Flash is killing resellers. And we don’t mean Flash Gordon. Or that bloke in an old raincoat who occasionally pops into the shop. Or those things that make your photos look better when taking selfies in the dark. We mean flash drives. Solid state drives. Hard disks with no moving parts. With very little to go wrong. Ever.
Built-in obsolescence was famously made famous by Henry Ford who probably only invented it by accident while trying to make his cars cheaper. The by-product of the cheap, mass-produced car was that bits wore out and needed replacing, thus creating a nice little earner for the folks who keep them going. And the same thing applied to IT.
In the reseller world, you could always rely on a hard drive to help with the bottom line. First, there was the fear of failure. Anything designed to spin faster than a Formula One engine for 24 hours a day isn’t long for this world. Heck those Formula One dudes change engines after every race. And if the spinning isn’t bad enough, there are those data pickup heads hovering nanometres above the surface. That’s like holding a Formula One race on a velodrome. There’s going to be a crash.

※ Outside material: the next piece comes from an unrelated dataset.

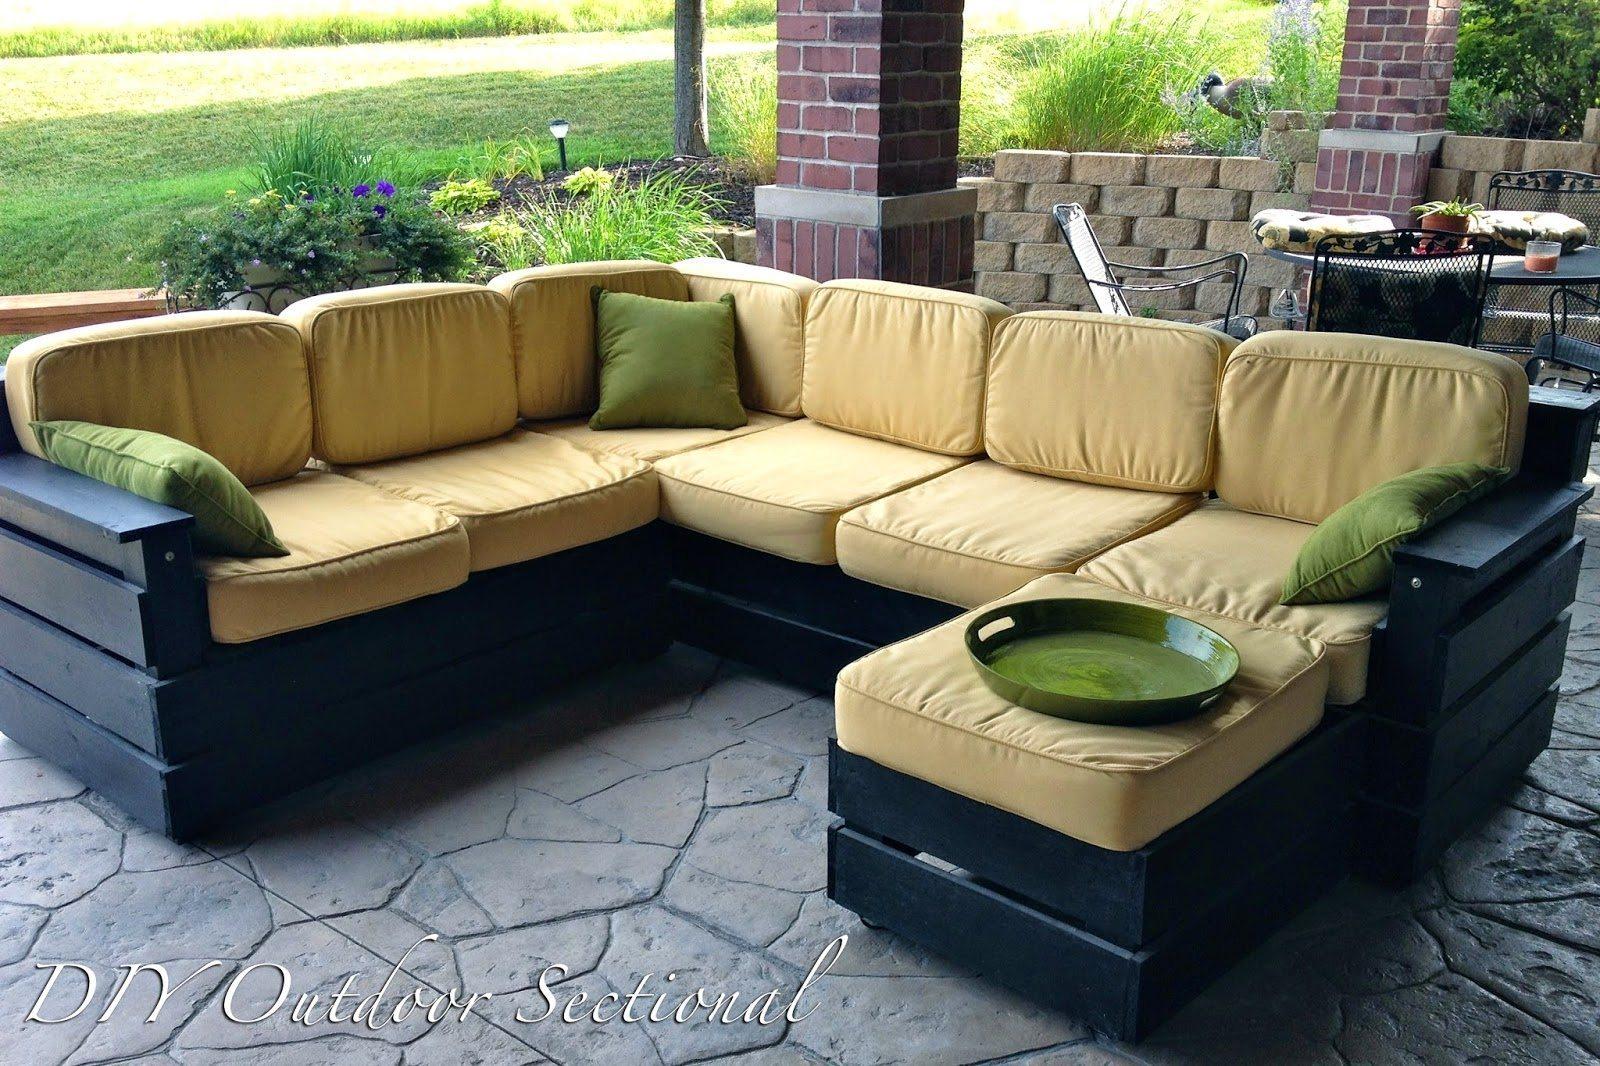 Diy sectional pallet sofa untuk laman rumah

That scenario, once explained, gave rise to all sorts of up-selling. Like a backup hard drive for the unreliable hard drive inside the PC. Fortunately for resellers, irony is lost on the general public. For those who understood irony, we could offer a tape drive, which by design was more unreliable than any hard drive ever built, with a level of incompatibility between vendors that would make Apple and Microsoft very proud.
Then, when the inevitable occurred and the hard drive crashed, we could offer umpteen services to the hapless consumer. This could be a high-cost, high-tech solution in a clean room with dudes in HAZMAT suits, trying to recover all the broken bits of data to assemble them into a facsimile of the lost lolcat pictures. Or, it could be a simple,“Oh dear, how sad, never mind”, followed by the installation of a brand new time-bomb from one of the highly respected hard drive vendors.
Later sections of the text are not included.